The Associated Press and local news reports said Dr. José Roberto Leonel Ferreira, a recently retired doctor and professor, was among the passengers who died in the crash. (Voepass’ list of passengers included “Jose Fer.”)
The Brazilian College of Radiology and Imaging Diagnosis published a short statement about José Roberto Leonel Ferreira’s death.
“It is with great sadness that we announce the death of Dr. José Roberto Leonel Ferreira,” read the statement, which identified him as a “full member” of the organization. “Owner of the Dr. Leonel Ferreira Imaging Center, opened 27 years ago in Cascavel, he was among the 62 occupants of the Voepass plane that crashed on Friday afternoon in Vinhedo.”
The statement also said José Roberto Leonel Ferreira had been an assistant professor at Unioeste.
Unioeste, also known as The State University of Western Paraná, posted a statement of condolence that mentioned José Roberto Leonel Ferreira, too. It described him as a recently retired professor and owner of an imaging center in Cascavel, Brazil, according to Google’s translation.
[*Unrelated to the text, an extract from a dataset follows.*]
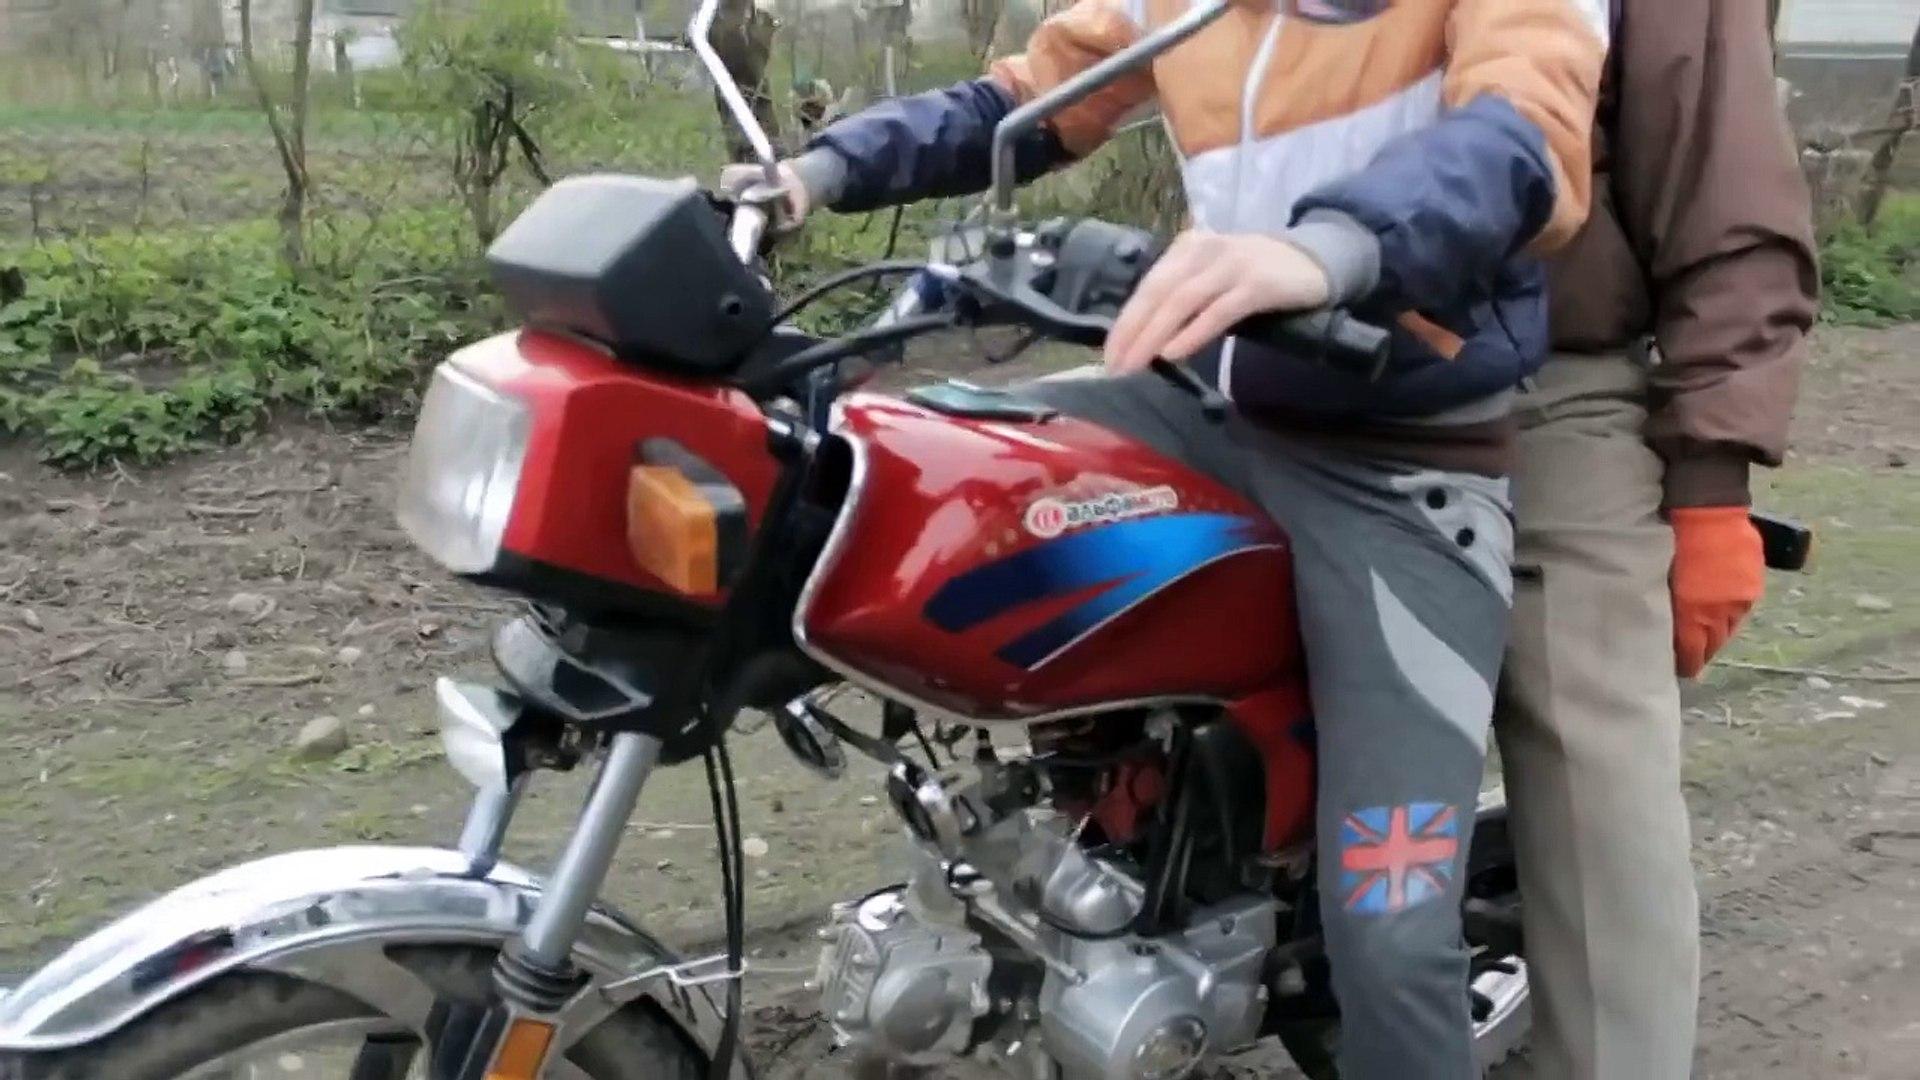 Папа учит дочку водить мотоцикл угар дня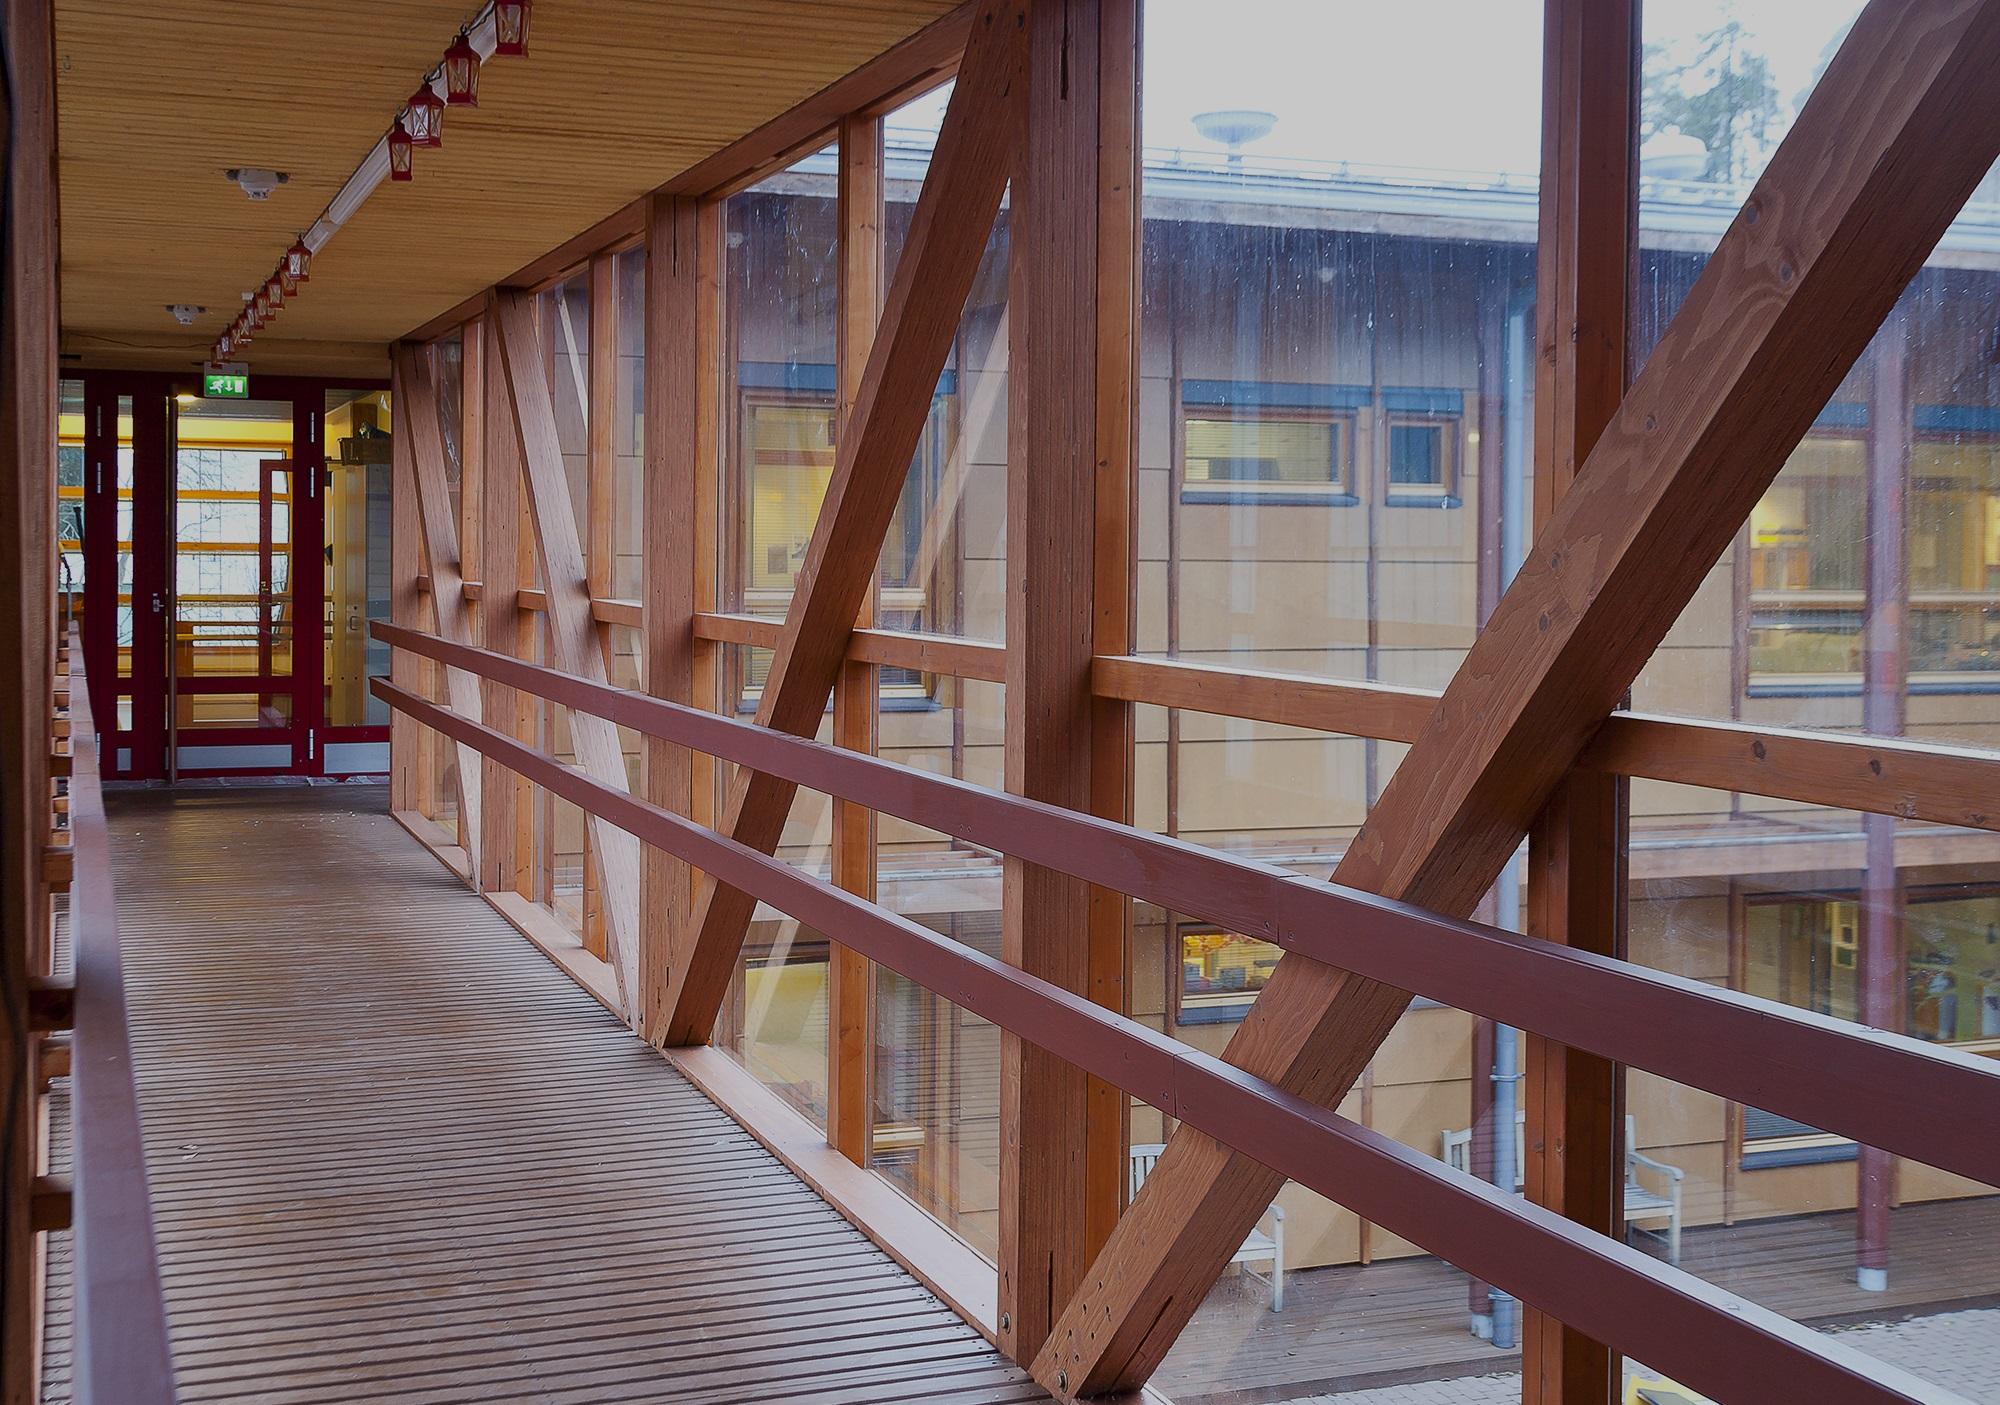 Rakennesuunnittelupalvelu toimii sekä uudis- että korjausrakentamisen alueilla

The deadly crash’s cause is undetermined and under investigation, but PolitiFact searched using Google and the Nexis news database and found no reliable reports showing that authorities believed the incident was an intentional attack or linked to any one person — cancer researcher or otherwise — being aboard.
Our ruling
A Facebook post claimed that “Dr. Leo Ferreira,” a cancer researcher shown in a video clip, was on the plane that crashed Aug. 9 in Brazil.
The video showed Leonardo Ferreira, an immunologist who works at the Medical University of South Carolina. Ferreira did not die in the plane crash. He rebutted such claims in an Aug. 12 X post, days after the crash.
Dr. José Roberto Leonel Ferreira, a professor and radiologist with an imaging center in Brazil, died in the crash, according to news reports.
We rate this claim False.
Editor’s Note: Google Translate was used throughout the research of this story to translate websites and statements into English.